Even more unfortunate, the general decay of trust in institutions fed by numerous conspiracy theories and felt by some people in countries—both developed and otherwise—around the world has extended to medicine, as well, potentially causing people who fervently want to protect their families to be hesitant about receiving the very medical care that would provide the protection they seek.
Even with all this information about the efficacy of vaccines and the dangers of children not being vaccinated, a number of states in the US have continued to have large numbers of unvaccinated children.
In fact, in 2013, Colorado ranked 45th among states in vaccinating children 19-35 months and 50th in the numbers of kindergarteners who were vaccinated.
Those numbers prompted the state to devote a significant amount of attention to increasing vaccination rates, and last year’s numbers show a marked improvement. As reported in the June 28, 2018 edition of The Denver Post, “New figures from the health department show, for the second school year in a row, that more than 90 percent of students got their required shots.”
Kiowa County ranks right up there with the rest of the state. According to figures from Kiowa County Public Health, 93.3% of all school aged children are up to date on their vaccines with 3 families receiving exemptions.
Time will only tell how Clark County will weather this storm. Good news is that, as of this writing, there have been no new cases reported. Bad news: 10 other states are reporting cases of the measles.
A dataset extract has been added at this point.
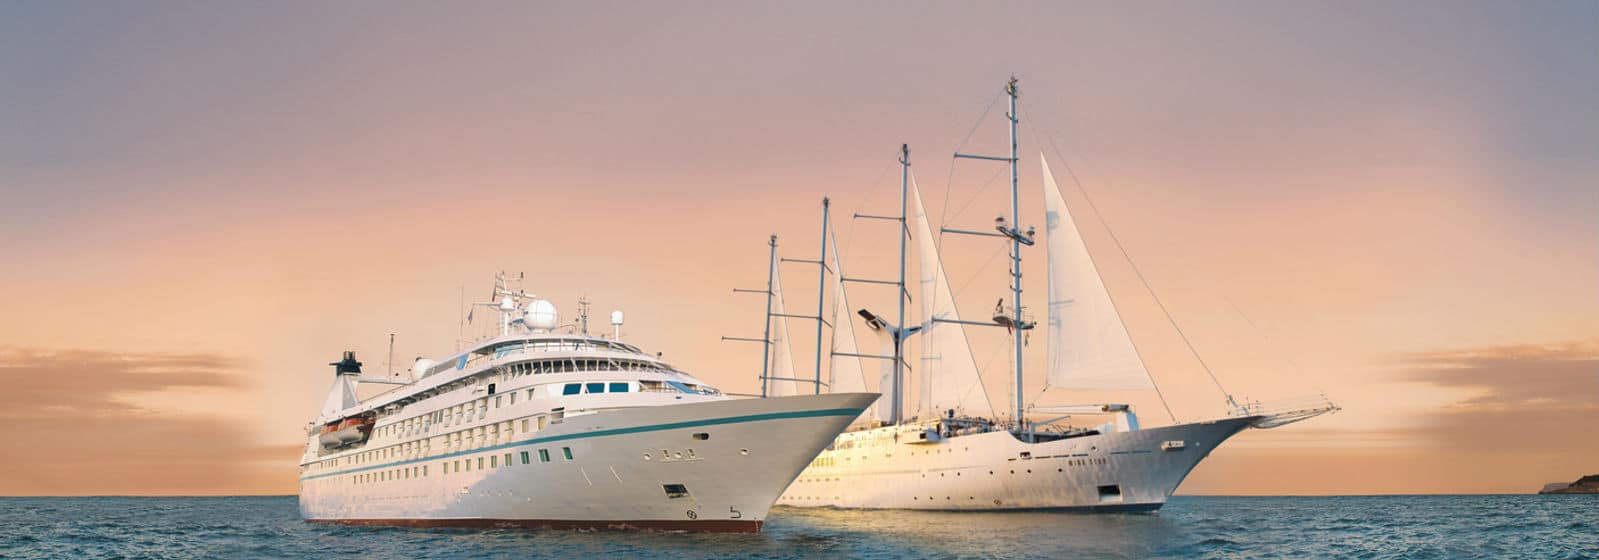 windstar-cruises-ships

Oregon, which shares a border with Washington, just reported 4 cases in one county.
For its part, Washington State is talking about introducing legislation to remove personal exemptions as an acceptable reason for not vaccinating students. More than 700 residents—even with the outbreak going on around them—showed up to strongly and loudly voice their opposition. Similar moves are being considered by the other states that allow that exemption. No word on larger public sentiment yet.
Luckily for millions of people, there is the potential for measles to be eventually eradicated in most of the corners of the world. That basically leaves us with two questions: what is the cost of making measles a thing of the past? What is the cost of not doing that?